Without the images, write out the whole listing exactly.

_Source material_.
- Opening Delimiter -

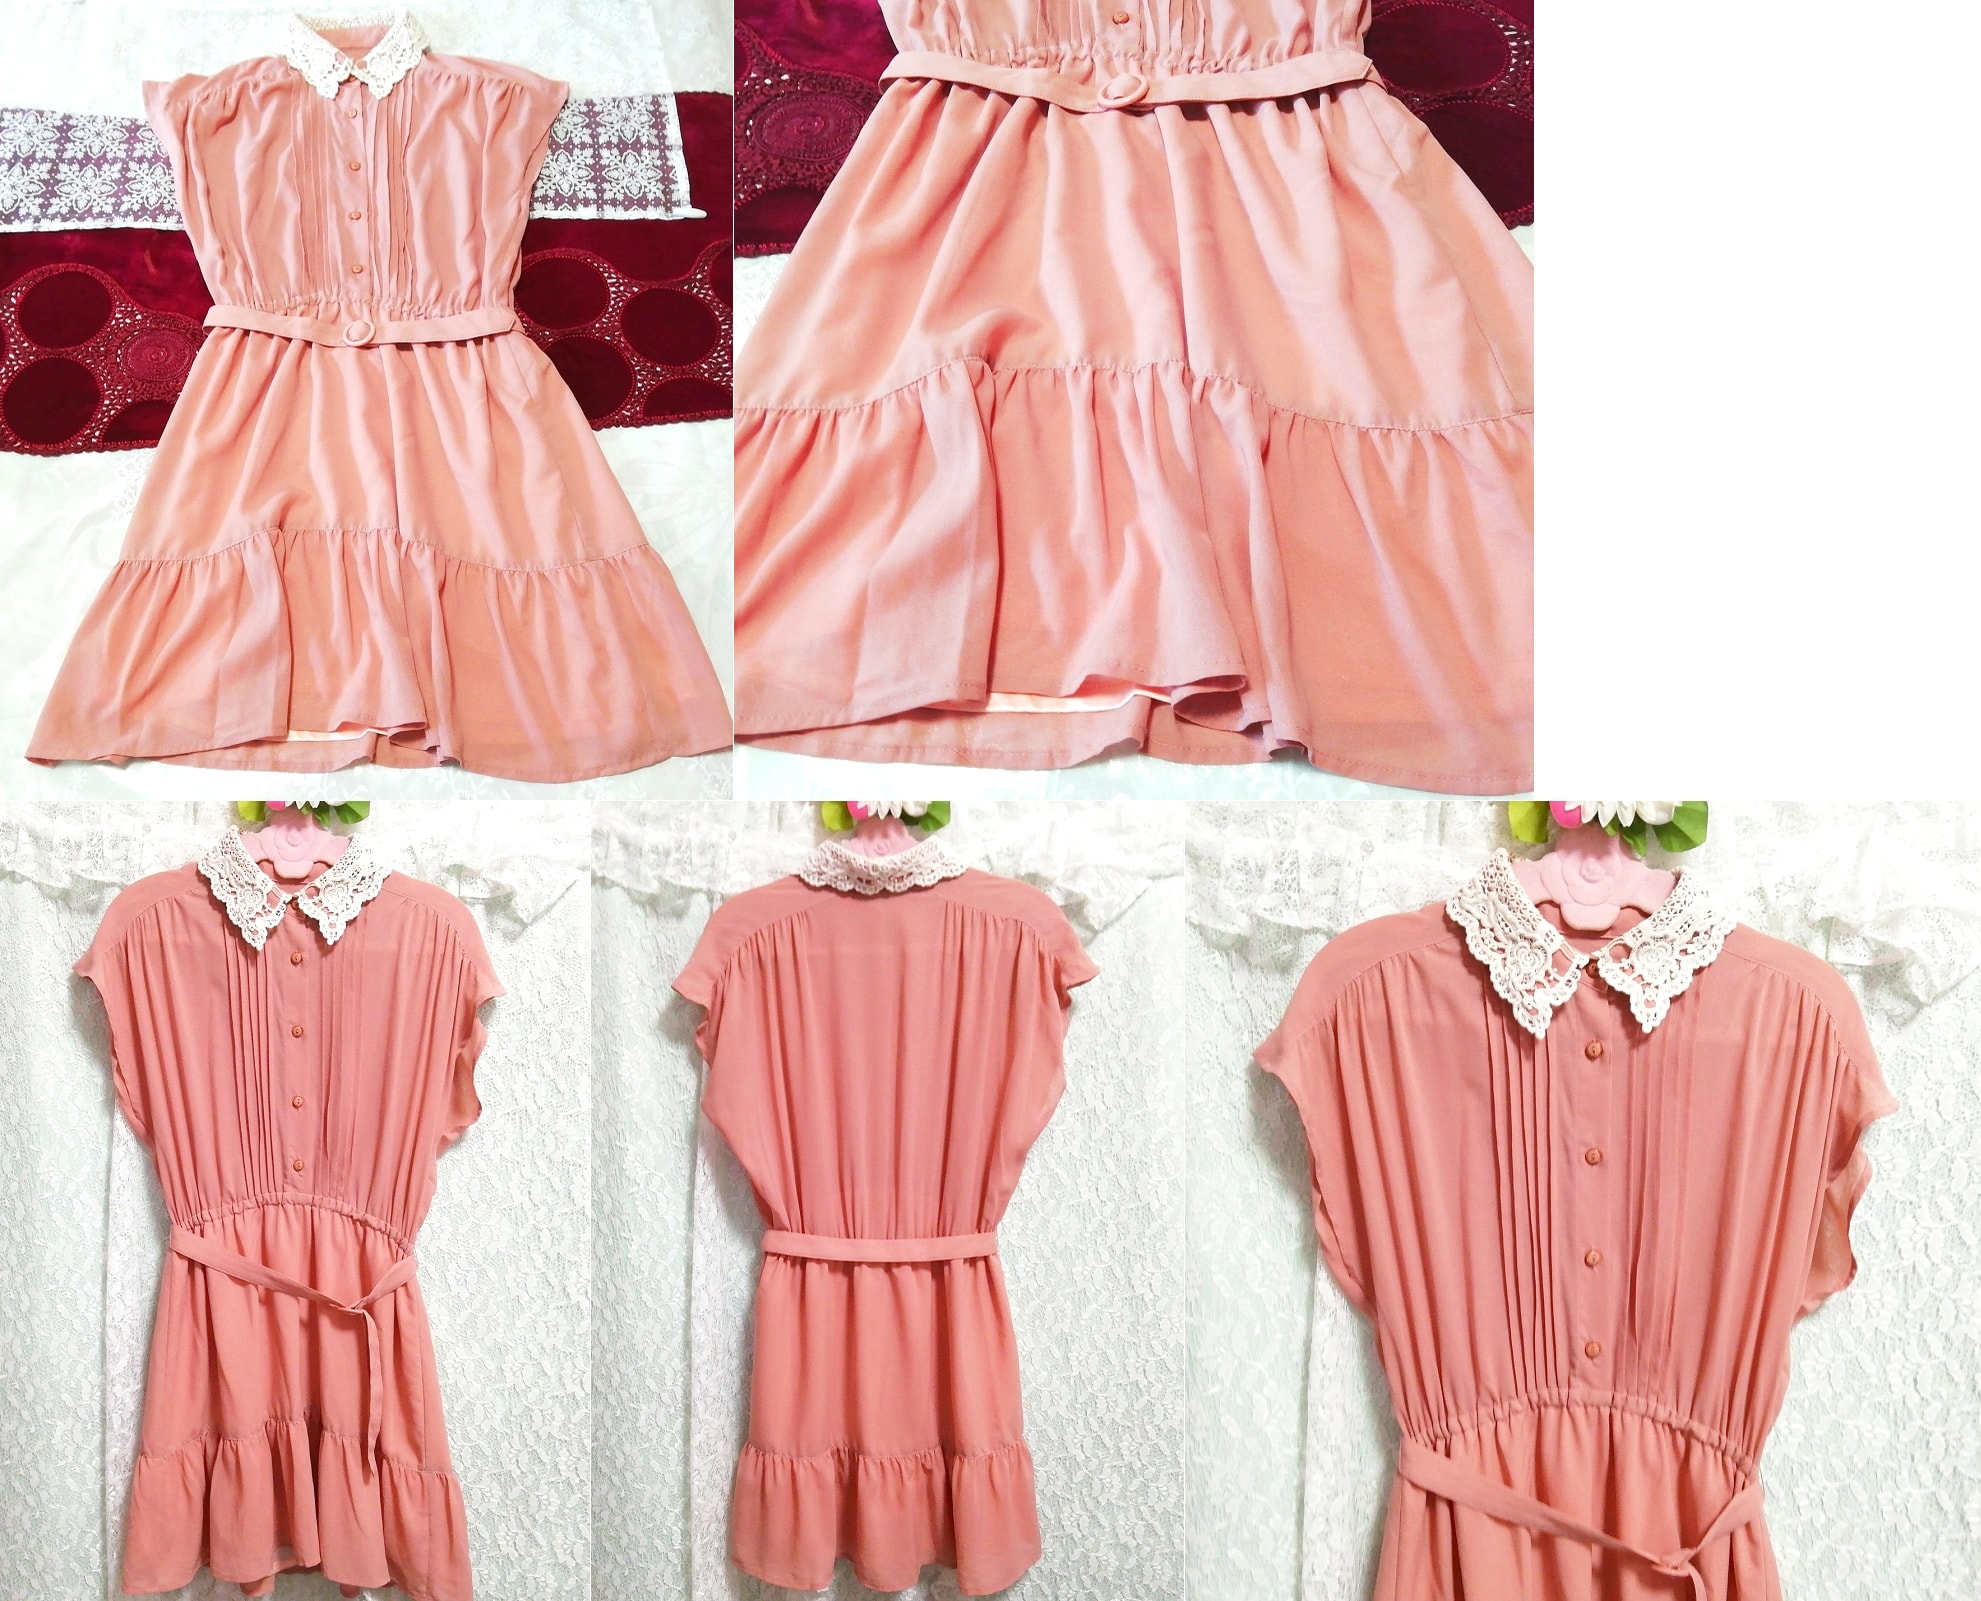 Pink beige white lace collar chiffon shirt tunic negligee nightgown dress, tunic, sleeveless, sleeveless, m size
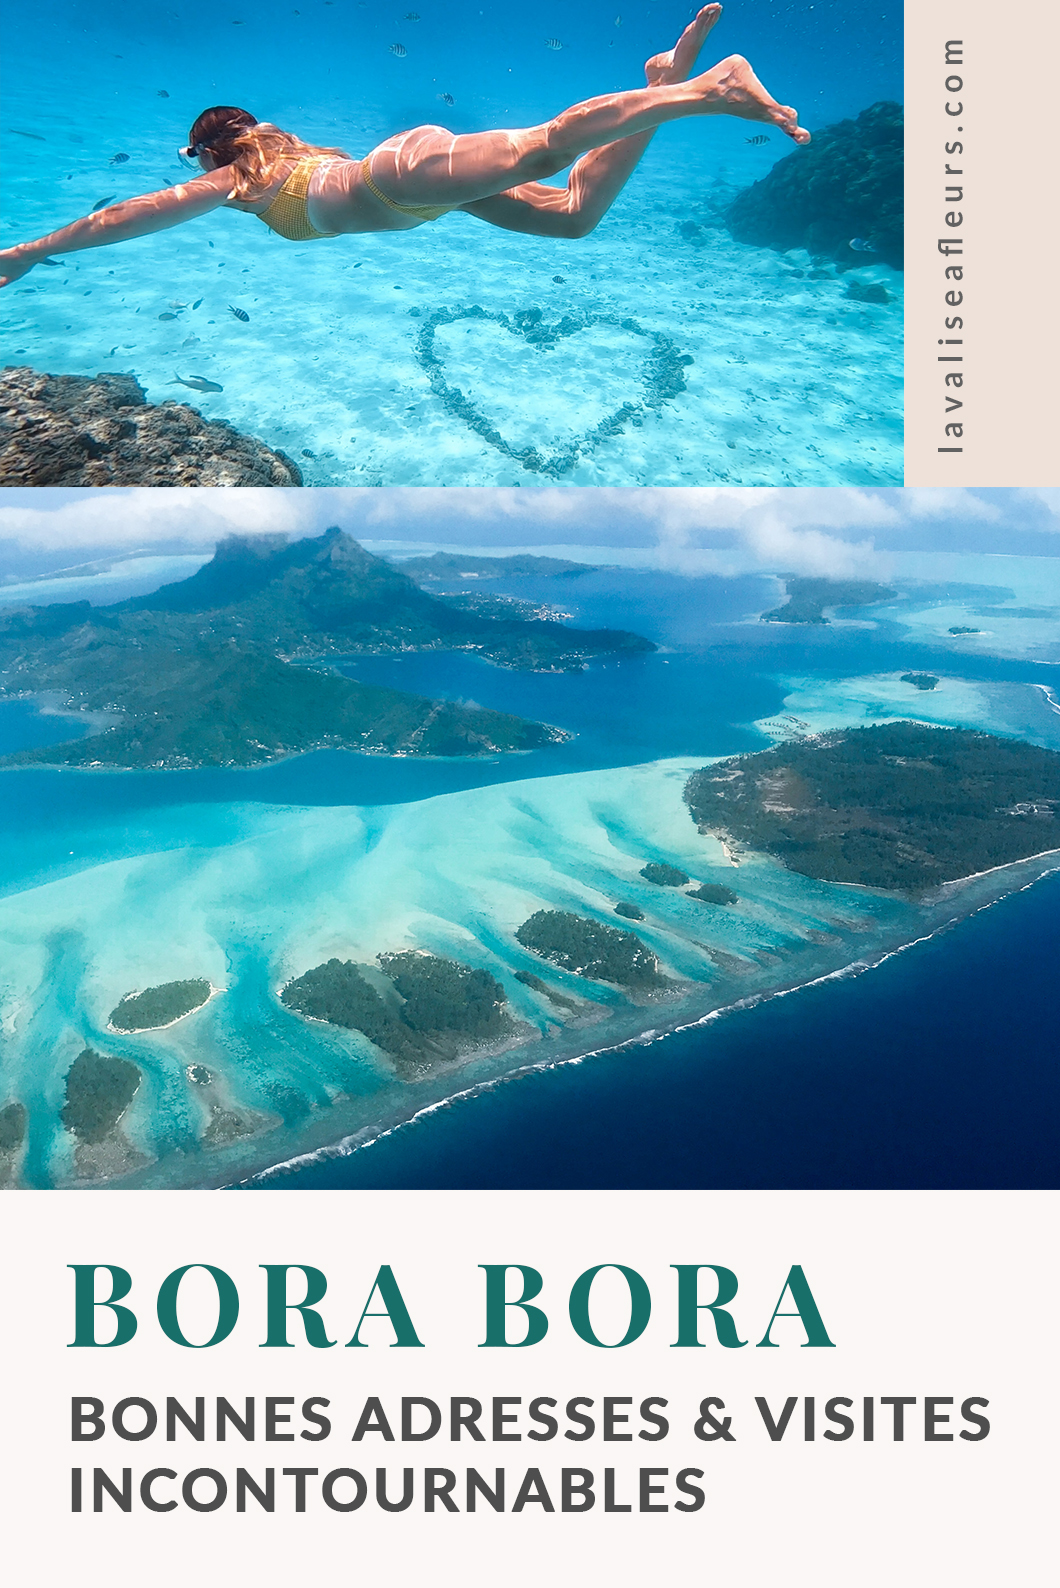 Bonnes adresses et visites incontournables à Bora Bora
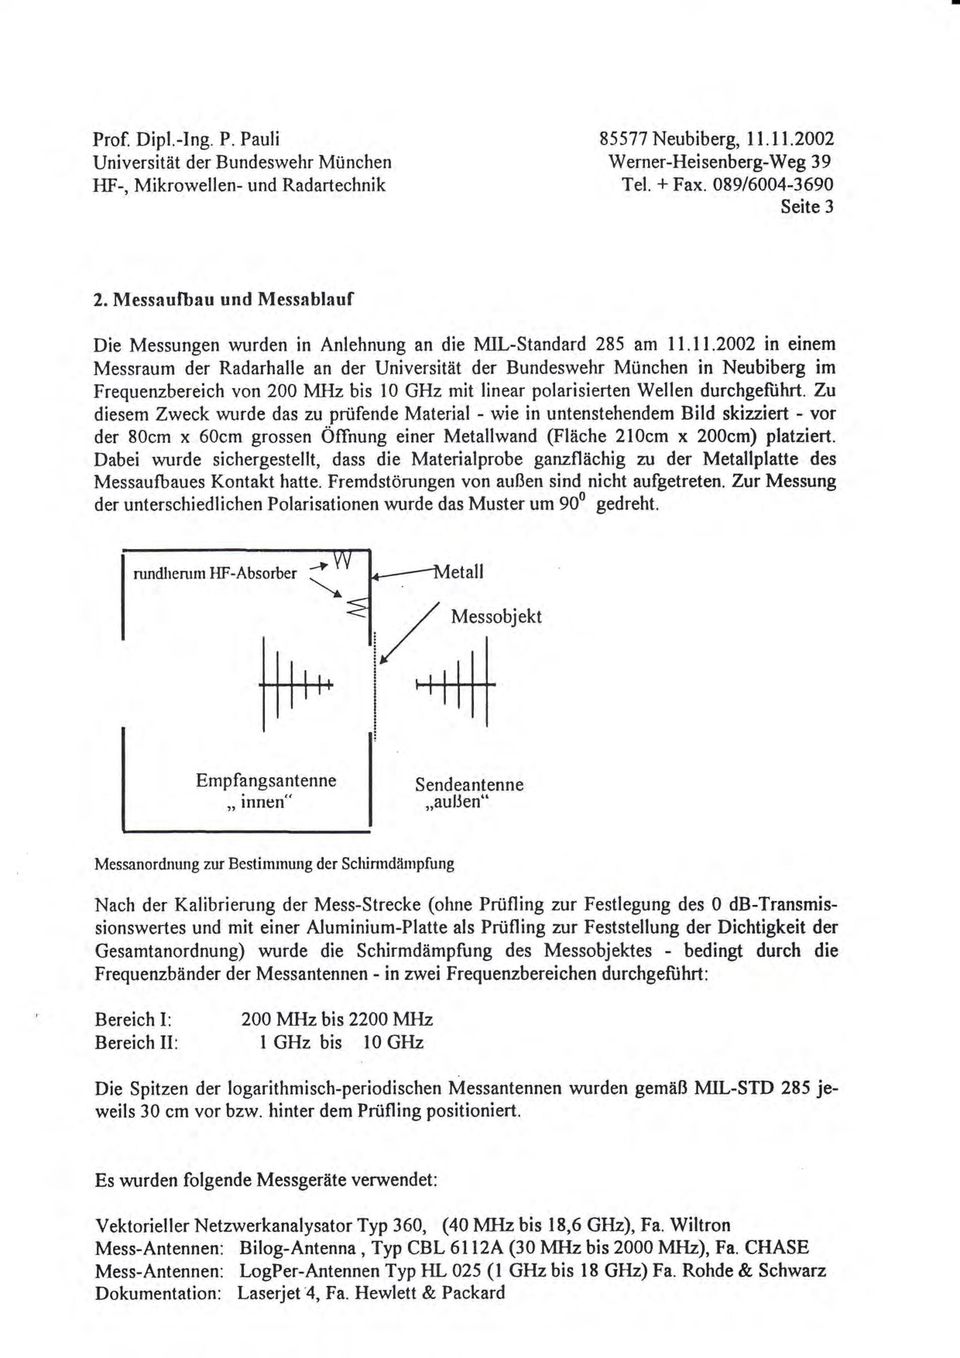 11.2002 in einem Messraum der Radarhalle an der Universität der Bundeswehr München in Neubiberg im Frequenzbereich von 200 MHz bis l0 GHz mit linear polarisierten Wellen durchgeftihrt.
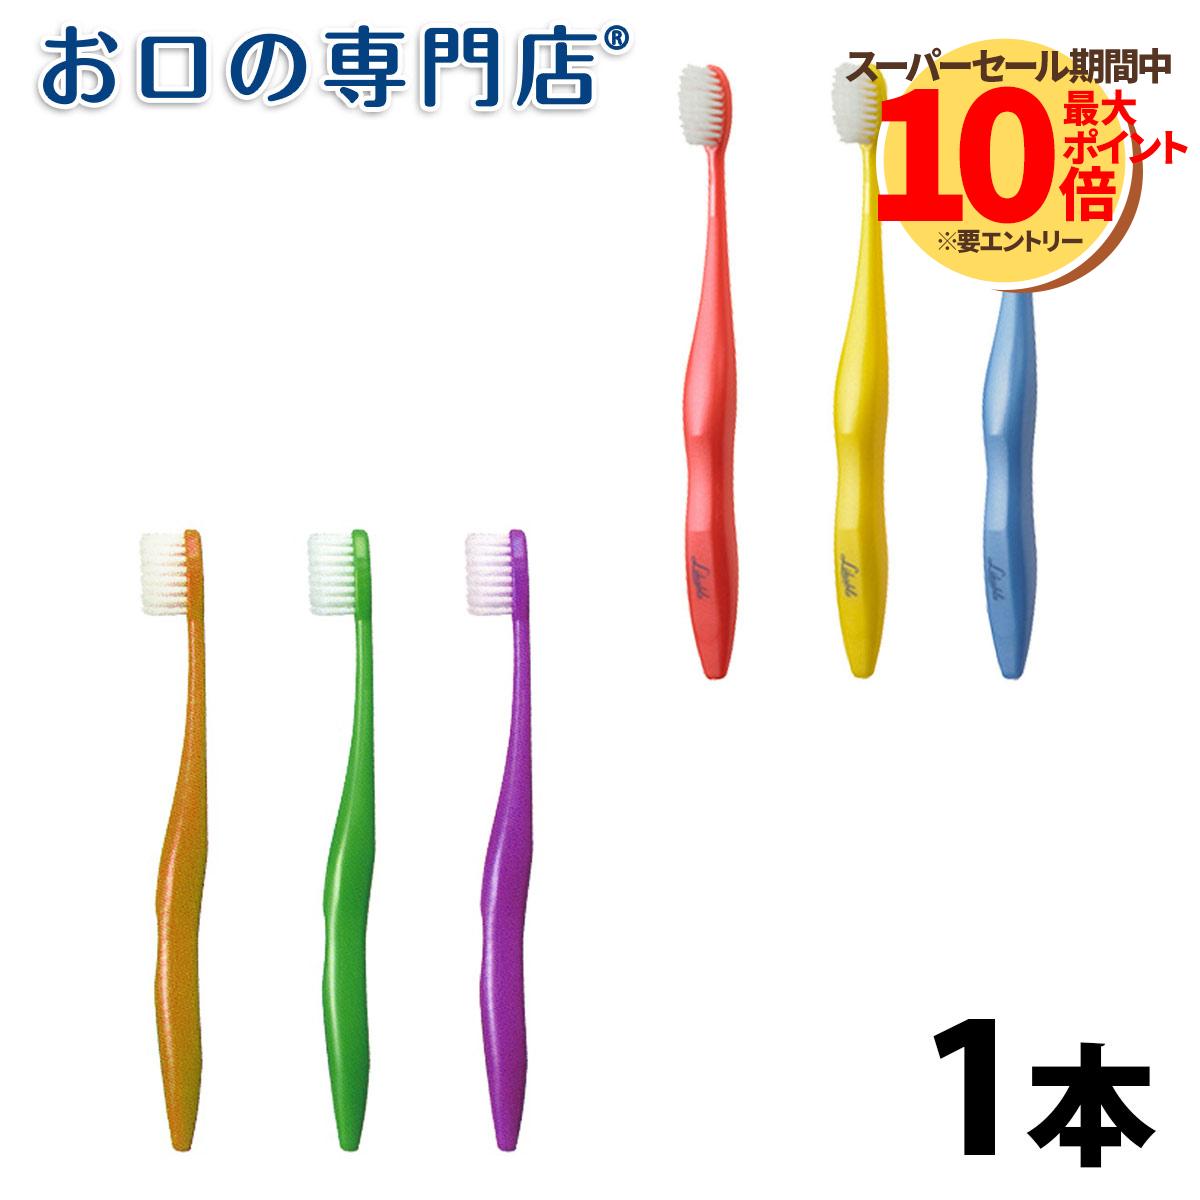 日本製 歯ブラシ ライカブル 1本【ライカブル】【メール便OK】

- Closing Delimiter -

_Solution for this exercise_.
 Pink beige white lace collar chiffon shirt tunic negligee nightgown dress, tunic, sleeveless, sleeveless, m size
 Bonnes adresses et visites incontournables à Bora Bora
 11.2002 in einem Messraum der Radarhalle an der Universität der Bundeswehr München in Neubiberg im Frequenzbereich von 200 MHz bis l0 GHz mit linear polarisierten Wellen durchgeftihrt.
 日本製 歯ブラシ ライカブル 1本【ライカブル】【メール便OK】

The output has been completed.